We know from research that infants do have effective methods of self-soothing. Sucking a dummy, for example, releases calming hormones in the brain. White noise can help calm the nervous system. Attachment objects, such as a blanket, doll, or plush toy can have similar calming effects, especially in older infants and toddlers.
Ask any parent who’s tried to take a pacifier or favourite blanket away—removing attachment objects causes stress! There’s that cortisol again! And giving them to children helps them self-sooth. Ask many of my parents – their facial expressions are priceless when I have encouraged them not to ditch the dummy!
So if what you are doing isn’t working for you and you are seeking help, know that it is OK for both you and your baby.
Consistent bedtime routines are the key to successful sleep training. When embarking on sleep training my 3 Keys to successful sleep training are:
1. Parents need to understand that teaching their baby to self-settle will NOT happen overnight.

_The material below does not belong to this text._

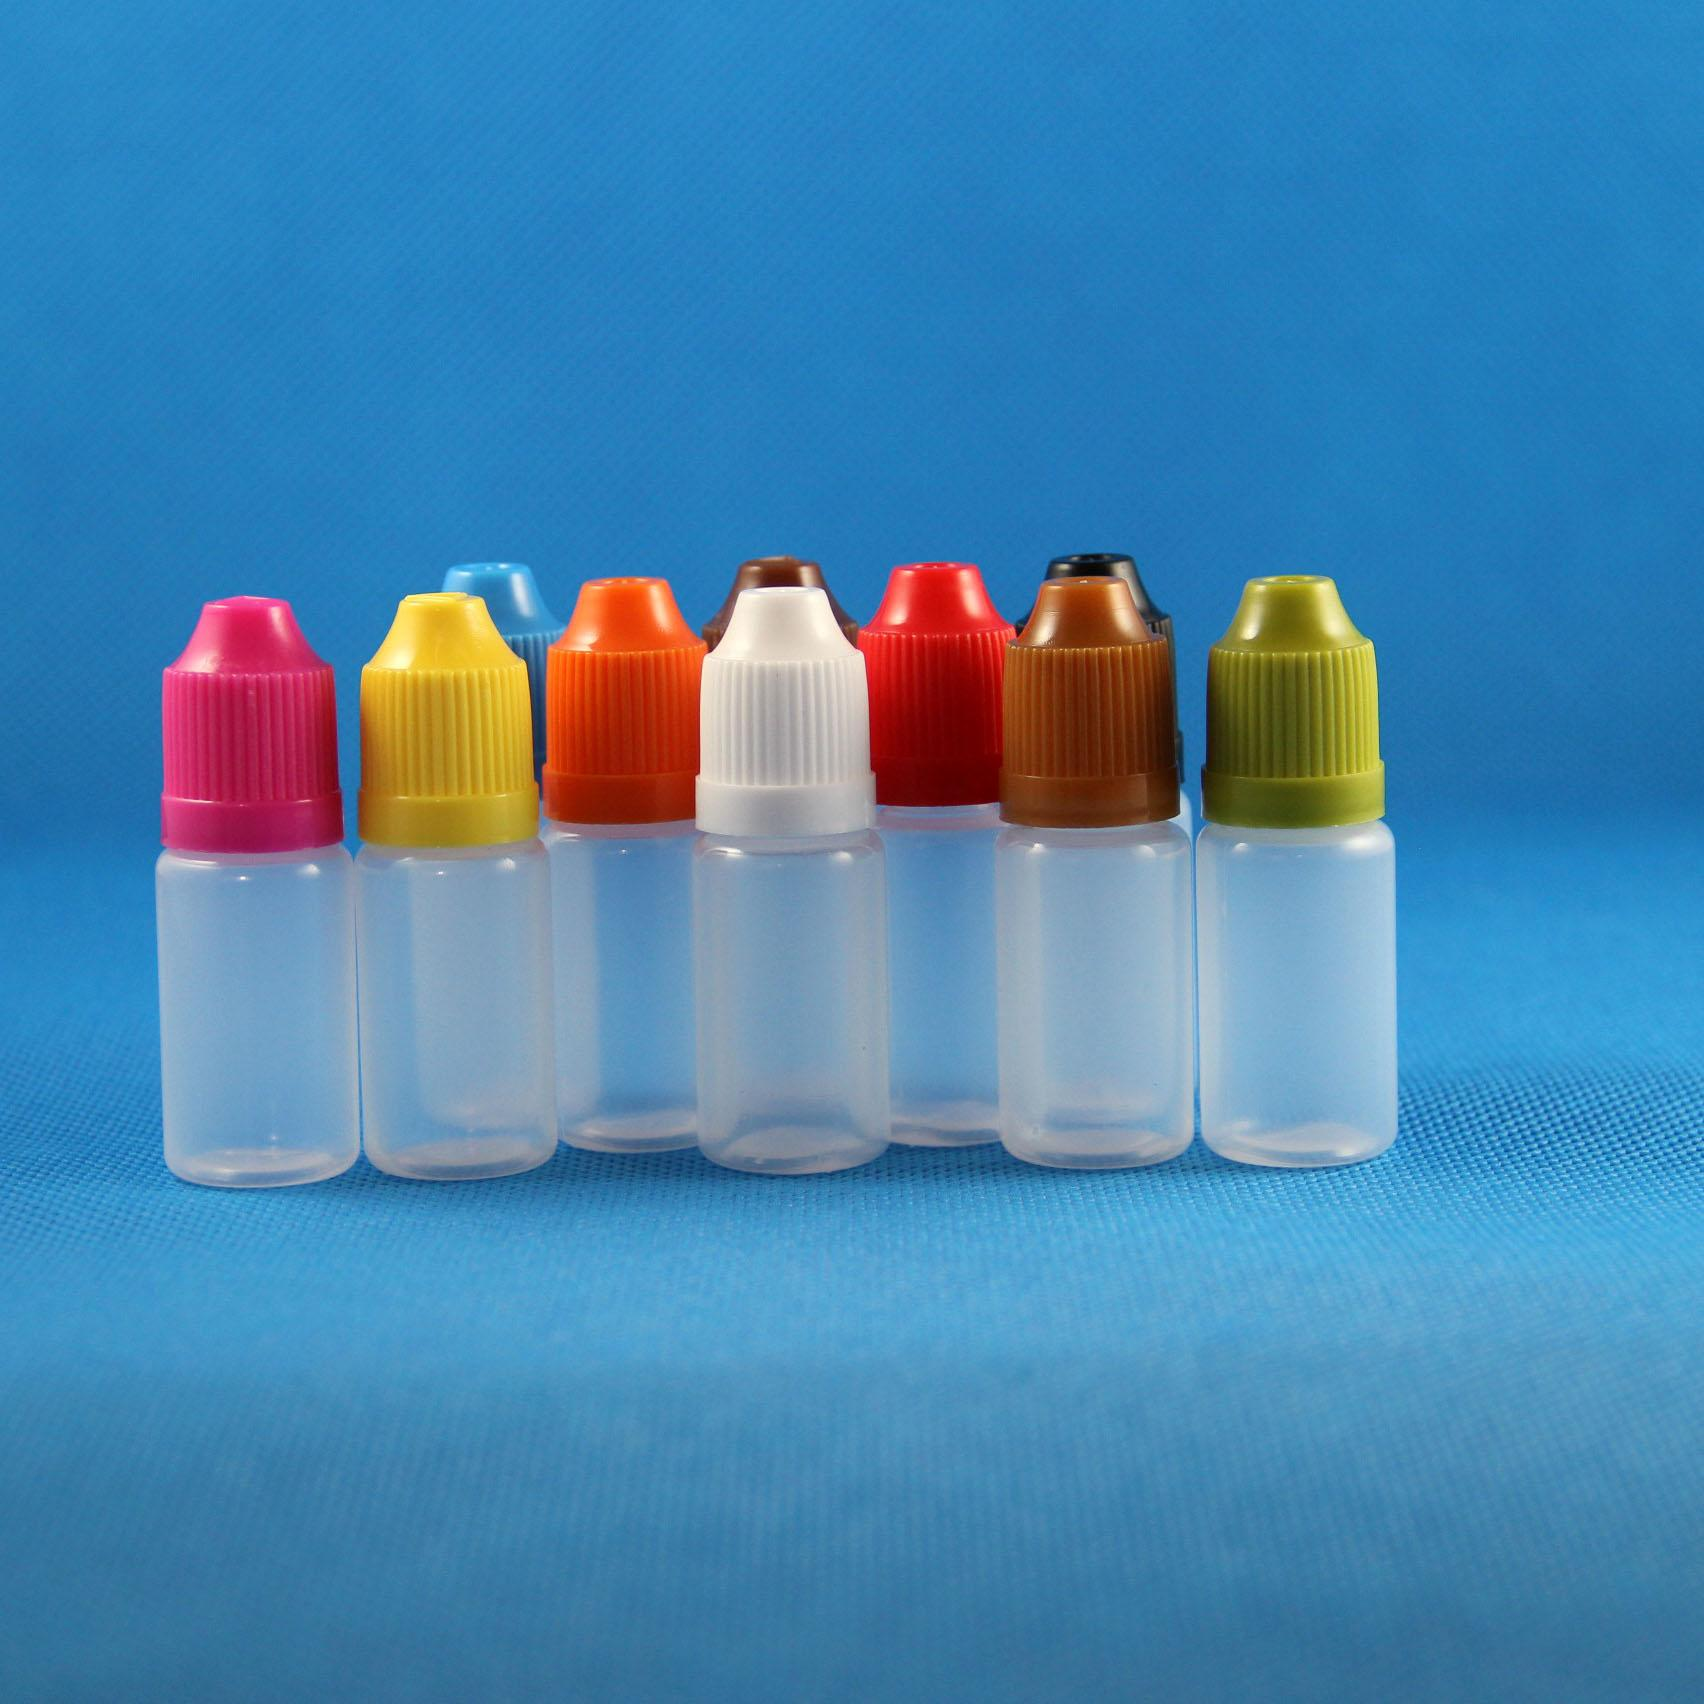 100 Sets 8 ml (1/4 oz) Plastic DROPPER Flessen Kindveilige Caps Tips PE LDPE E VAPOR CIG LIQUE 8 ML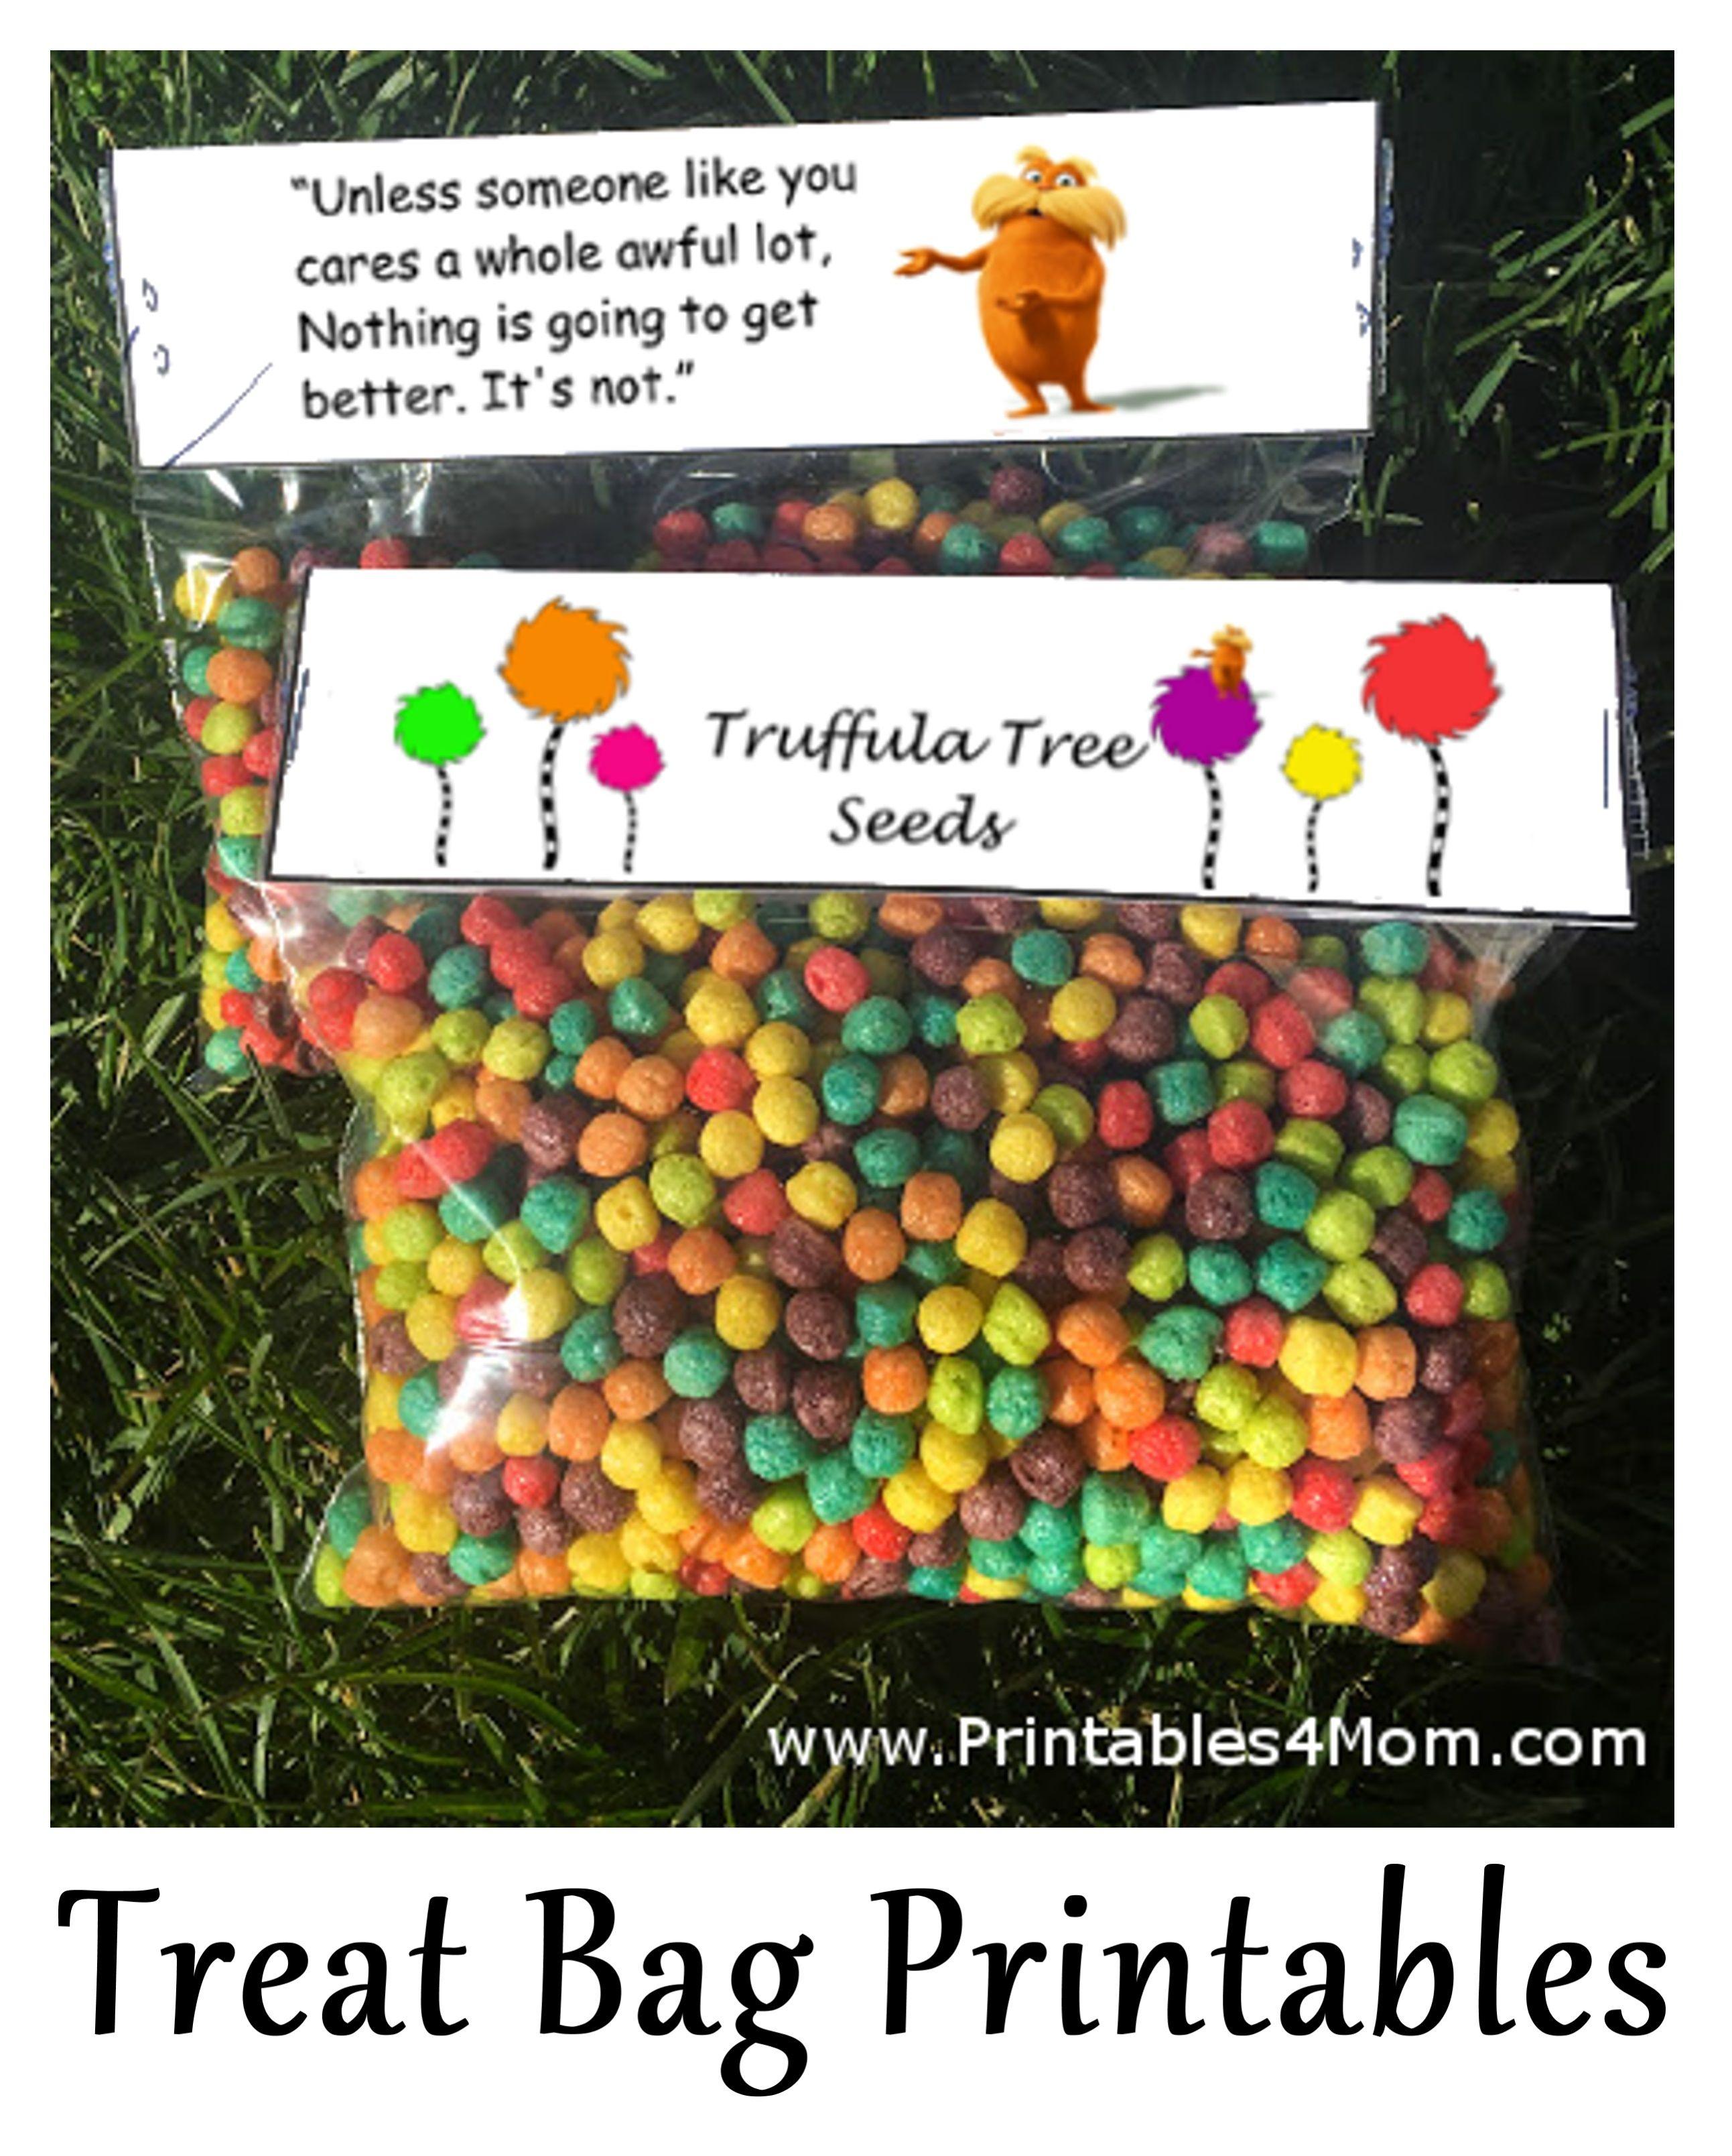 Truffula Tree Seeds Printable Toppers

This needs to be stressed. It takes commitment, consistency and support. Your baby has been assisted to sleep for 6 days, 6 weeks, 6 months, 12 months….. They will not learn to fall asleep on their own in one sleep cycle. Imagine if I took your bed away tonight and made you sleep on the floor. You wouldn’t sleep well and you too would protest until I either gave you your bed back OR you learnt to sleep on the floor. Your baby is no different. It takes time to learn a new skill.
Your baby will, in the initial phases, protest the new settling techniques and you need to support your baby through this time. There are many ways to do this. For example: one of my baby’s has only every slept on mum or dad. So for one week we settled him to sleep in his cot. Yes, he protested but we supported them through this stage. It was very time consuming (as you could imagine) with mum settling him to sleep for up to 40 mins. Each day the assistance took less and less time. The following week we then slowly reduced the assistance and no longer settled him to sleep … we left him do the last little bit on his own. Today his mum messaged that he cried for 2 mins on putting in his cot and had had 3 x 2 hours sleep and slept for 10 hours overnight! All unassisted and supported all the way!
2. You need to work within your comfort zone …. There is no point engaging the services of someone to help you with your baby’s sleep unless you are comfortable with the method. If you can’t follow through with the techniques, there is no point! It is also helpful to have an open mind as to the techniques on offer. Sitting in the room with your baby is very time consuming however supporting your baby through the process is more important.
3. CONSISTENCY IS THE KEY. Decide on a method you are happy with and stick to it.